Ten Worst/Best Things to do after a Break-up

1.  BEGGING

It can be agonizing to be on the receiving end of a break-up, but crying, pleading, manipulating or threatening just isn't going to get you what you want.  At worst, you will come across as pathetic.  At best, you will achieve a temporary reconciliation.  You and I both know that it isn't going to work over time.

 The best thing you can do is listen carefully, hear him/her out.  Then clearly remove yourself from the situation.  Leave.  Hang up.  Sign out.  Whatever.  But get the heck outa there and stay away.  Save face.  Get some space.  See a counsellor to make a new plan for your life.  But do not cling or beg.

 2.  CALLING/TEXTING

It is pretty much impossible to have a clean, effortless break up.  The word 'break up' is descriptive.  Something got broken and maybe it was you.  It is a time for healing and rebuilding, not constantly re-exposing yourself to hurt and confusion.

 The best thing you can do is to get clarity regarding your future.  See a counsellor.  Talk to friends.  But do not call or text.  Staying attached that way only keeps you stuck in a place of uncertainty and pain.  It may feel good for a few minutes when you connect but it will be disastrous in the long run.  Trust me.  You will regret it.

 3.  KEEPING HIS/HER FRIENDS IN YOUR LIFE

This one is a bit tricky.  Maybe you made some good friends as a couple.  However think long and hard about whether it is good for you to stay connected.  Does it 'break you open' again every time you hear his/her name?  Are you tempted to 'pump' people for information regarding him/her?
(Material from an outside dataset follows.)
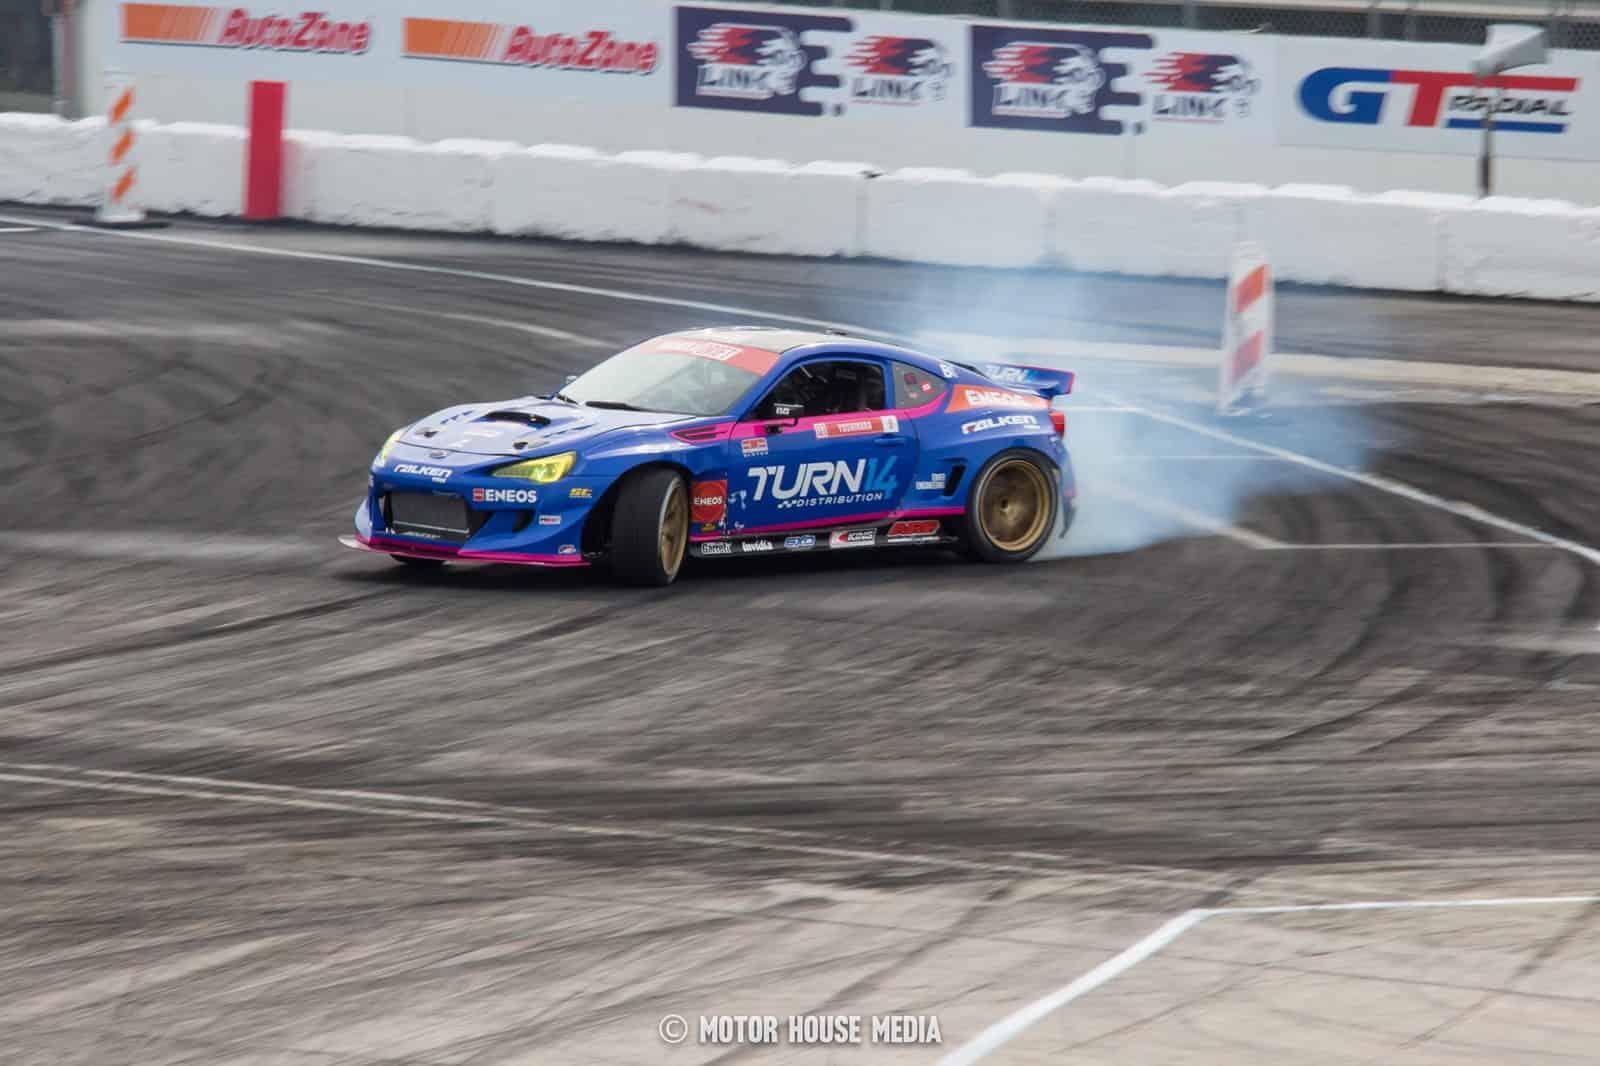 Diajiro Yoshihara shredding in his Turn 14 Formula Drift car
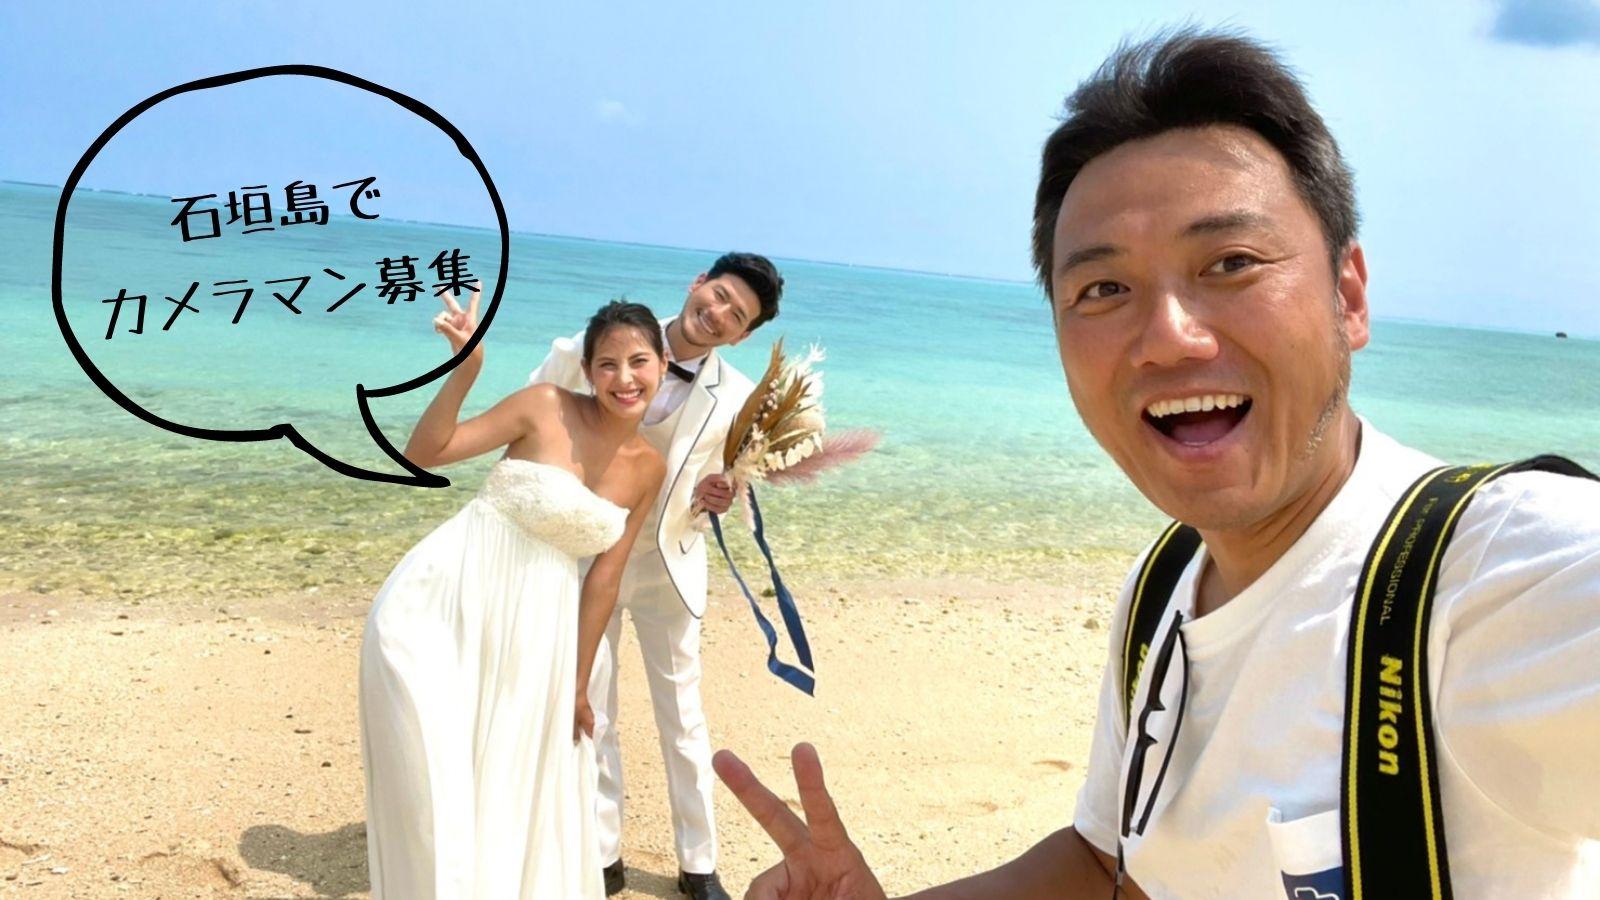 石垣島でカメラマン募集

Would it be better to develop some new relationships unburdened by memories and connections?

 The best thing you can do is be intentional about this.  Decide what works for you.  See a counsellor (yes, I will advise that every time :).  Join a new group.  Move on.

 4. KEEPING THEIR 'STUFF'

After a break up there are always lots of memories in your apartment or home.  Photos on the fridge.  Concert tickets on the bulletin board.  T-Shirts in your bedroom.  Favourite drinks in your fridge.  It is tempting and comforting to hold on to these.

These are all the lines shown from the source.